Don’t panic: The fitness pro said that lifting weights is actually a great way for women to lose weight – and insisted that it won’t make ladies bulky, as many people assume
Find your pace: Running isn’t always the best thing for weight loss – and actually going for long walks can be better for your body in the long run
RUNNING IS NOT BETTER FOR WEIGHT LOSS THAN WALKING
People often rush into doing cardio workouts when they start their weight loss journey, believing that this is the key to shedding fat.
However, Anjuli notes that running is not the magical solution and won’t always deliver you the results you’re after.
In fact, the trainer believes in this so much that she doesn’t go running herself if she wants to lose fat.

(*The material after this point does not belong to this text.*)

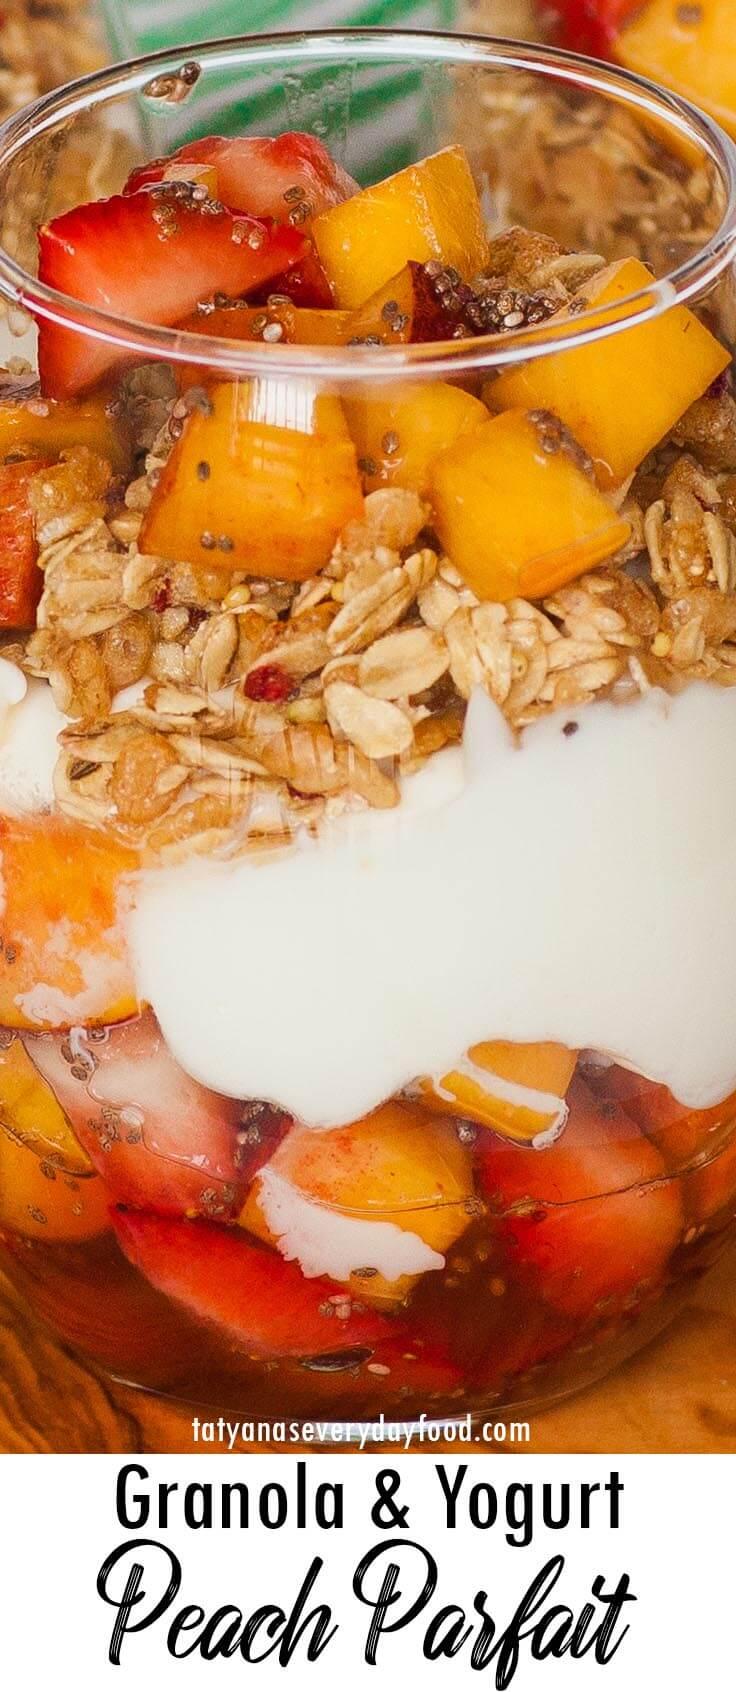 Granola & Peach Yogurt Parfait video recipe

She said: ‘Again, weight training is the key here and I think people would be surprised to know that I never actually go running when I’m looking to lose fat.
‘You can always implement running into your workout later down the line once your nutrition is on point and combine it with weightlifting – but walking is highly underrated and can help burn calories too.’
The fitness coach recommends setting yourself a target of walking 10,000 steps a day and to keep walking throughout the week.
Anjuli added: ‘A workout in the gym that is an hour is only 4% of your day, so for 96% of the week, what are you actually doing?
‘Make sure you keep moving throughout the week, especially with walking, as our bodies are designed to move and you cant expect to lose weight if you’re spending most of your time sitting down.’